Song by Taylor Swift

from the album The Tortured Poets Department
- Released: April 19, 2024
- Studio: Long Pond (New York)
- Genre: Chamber pop; pop rock;
- Length: 3:36
- Label: Republic
- Songwriters: Taylor Swift; Aaron Dessner;
- Producers: Taylor Swift; Aaron Dessner;

Lyric video
- "Clara Bow" on YouTube

= Clara Bow (song) =

2024 song by Taylor Swift

"Clara Bow" is a song by the American singer-songwriter Taylor Swift from her eleventh studio album, The Tortured Poets Department (2024). Produced by Swift and Aaron Dessner, "Clara Bow" is a chamber pop and pop rock song instrumented with guitars, a deep bass, and minimalist orchestral strings. Titled after the 1920s actress Clara Bow, the song references Bow, the singer-songwriter Stevie Nicks, and Swift herself to serve as a commentary on how women are treated in the entertainment industry, the pertaining gender and power dynamics, and Swift's own fame and legacy.

Critics generally applauded "Clara Bow" for its vulnerable lyricism that depicts the pressures of fame and beauty on women; Bow's family, as well as her biographer David Stenn, also received the song with appreciation. NPR picked it as one of the best songs of 2024. The track peaked at number 22 of the Billboard Global 200 chart and reached the top 25 in Australia, Canada, New Zealand, Singapore, and the United States, and it has received a gold certification in Australia. Swift performed "Clara Bow" live twice on the Eras Tour in 2024.

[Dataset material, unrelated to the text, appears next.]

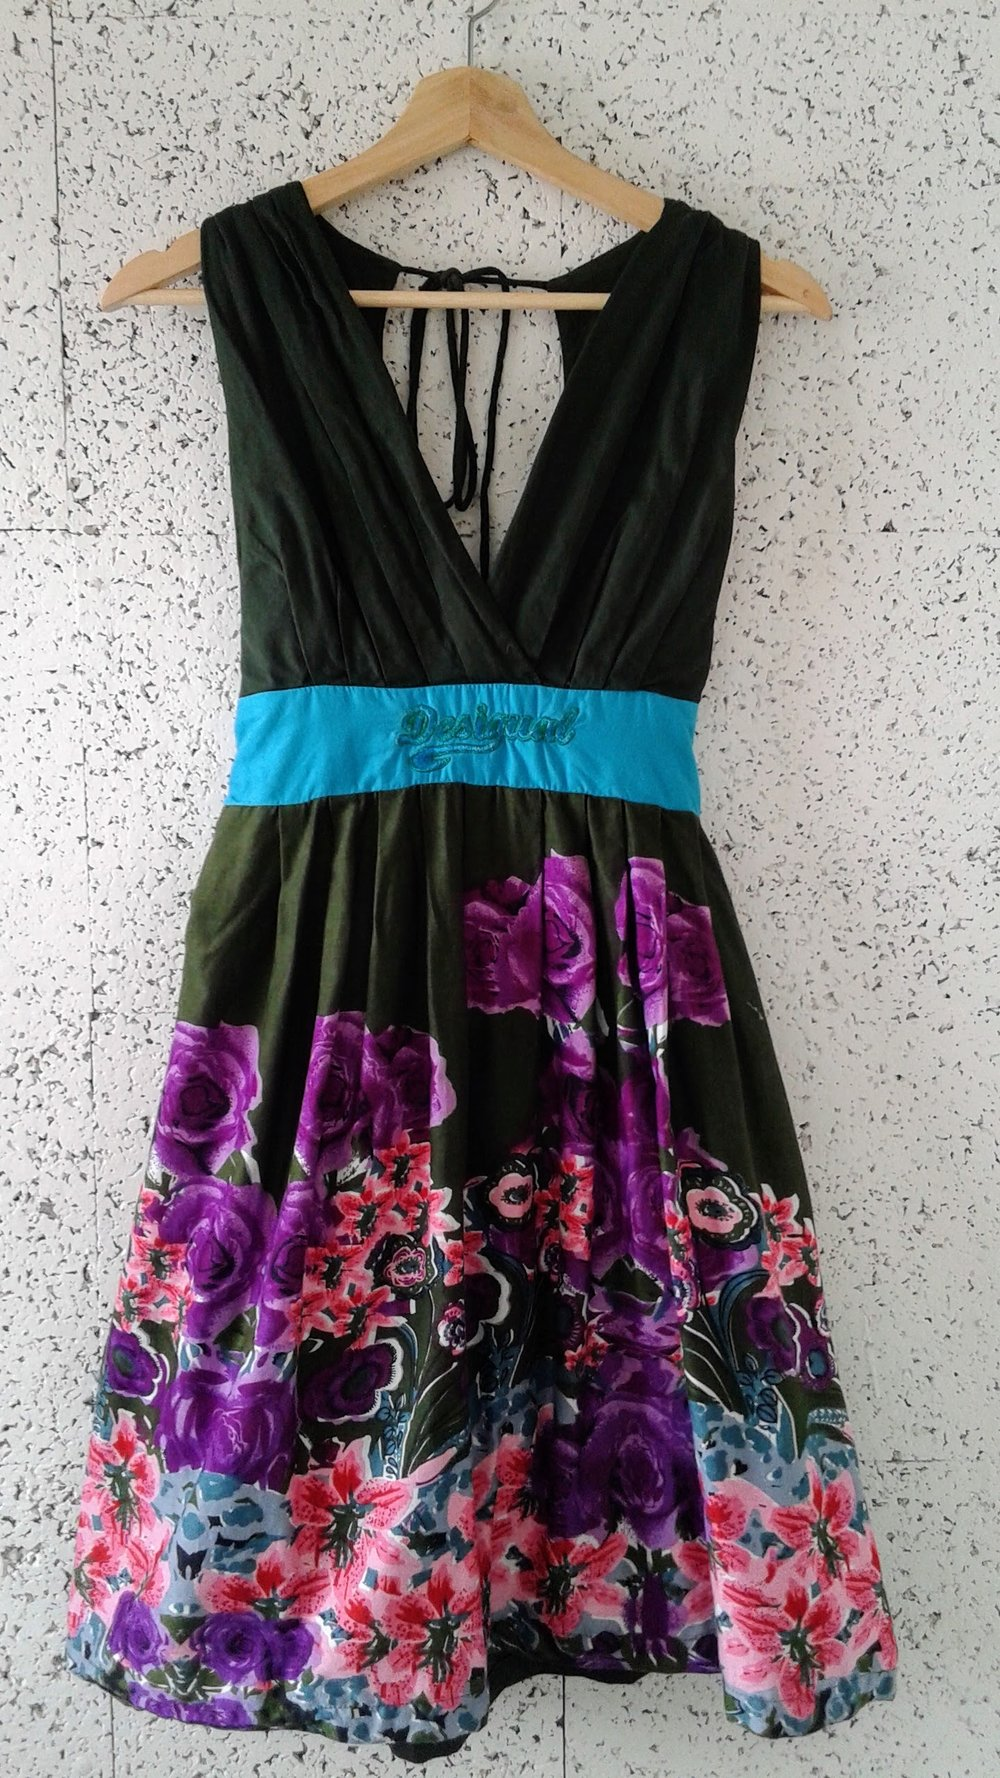 Desigual dress; Size S, $32

==Background and release==
Taylor Swift conceived her eleventh studio album, The Tortured Poets Department, in 2022 and 2023, amidst her heighted fame brought by the widely successful the Eras Tour and publicized romantic affairs. She reflected on it as a "lifeline" that made her realize the importance of songwriting to her life more than ever, describing the album as one that she "really needed" to make. Republic Records released The Tortured Poets Department on April 19, 2024. "Clara Bow" is track number 16, the closing track of the album's standard edition.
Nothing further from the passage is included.